Жму на газ, плюнув на здешнее зверье и давлю кукую-то мелкоту. Чертов серпантин! Особенно не разгонишься.
- Да выключи ты эту проклятую музыку! - не выдерживаю я жалоб окарины и барабанных призывов к духам, чтобы те явились к нам незнамо зачем.
- С музыкой легче, - защищает невестка окарину с барабаном. - Ой...
Приехали. Как ни странно, деревушка не спит. С дюжину адобных домов, которые расступаются, образуя нечто вроде площади. Посередке - шатрового типа сооружение, которое охраняет медведь.
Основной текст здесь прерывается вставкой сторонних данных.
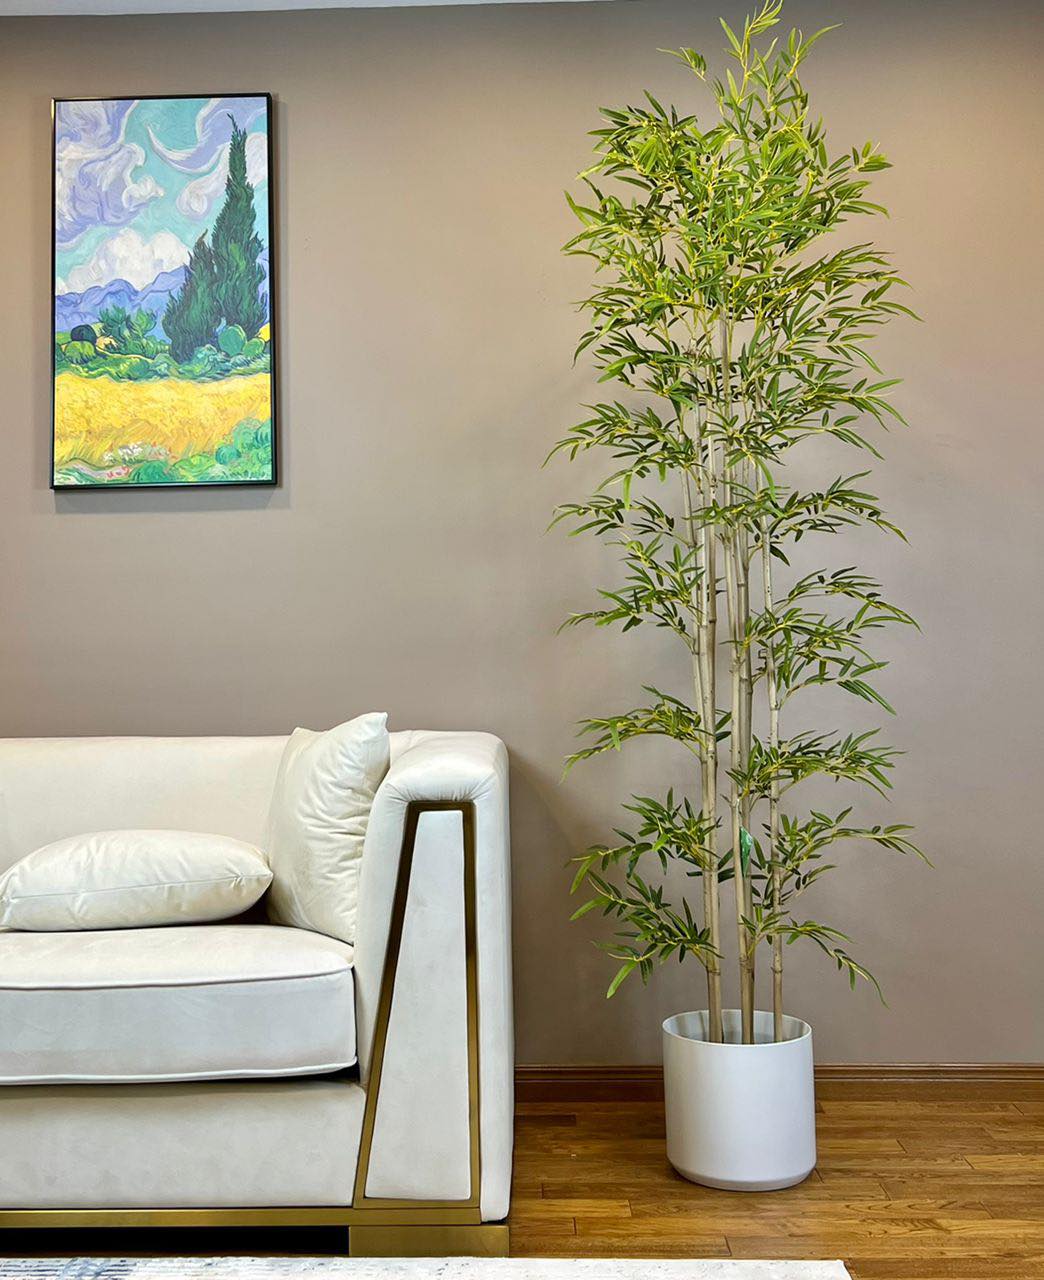 A 7 ft tall Artificial Bamboo Tree

Не медведь, а огромная медведица изображена на фасаде, а входом служит медвежья вулва, скрытая двухстворчатой дверью.
Самое удивительное: нас ждут. Бьют барабаны, попискивает окарина. Вокруг нашей машины, высоко вскидывая ноги, пляшут дикари. Такие пляски, вспоминаю, могут длиться неделями. Вглядываюсь - не дикари, а дикарки. По пояс обнаженные, с татуировкой, в масках и с кукурузными початками в руках. Протираю глаза - не снится ли? Успеваю отметить девичьи груди. Меня с Лео уводят в сторону - по туземным обычаям, мужам присутствовать не полагается. Последнее что вижу - моя невестка исчезает в медвежьем влагалище. Окарина изнывает от тоски, барабаны бьют все громче. И вдруг музыка разом обрывается.
Тишина.
Пробуждаюсь как от гипноза. Машина стоит на месте. Невестка сидит за рулем и вздыхает.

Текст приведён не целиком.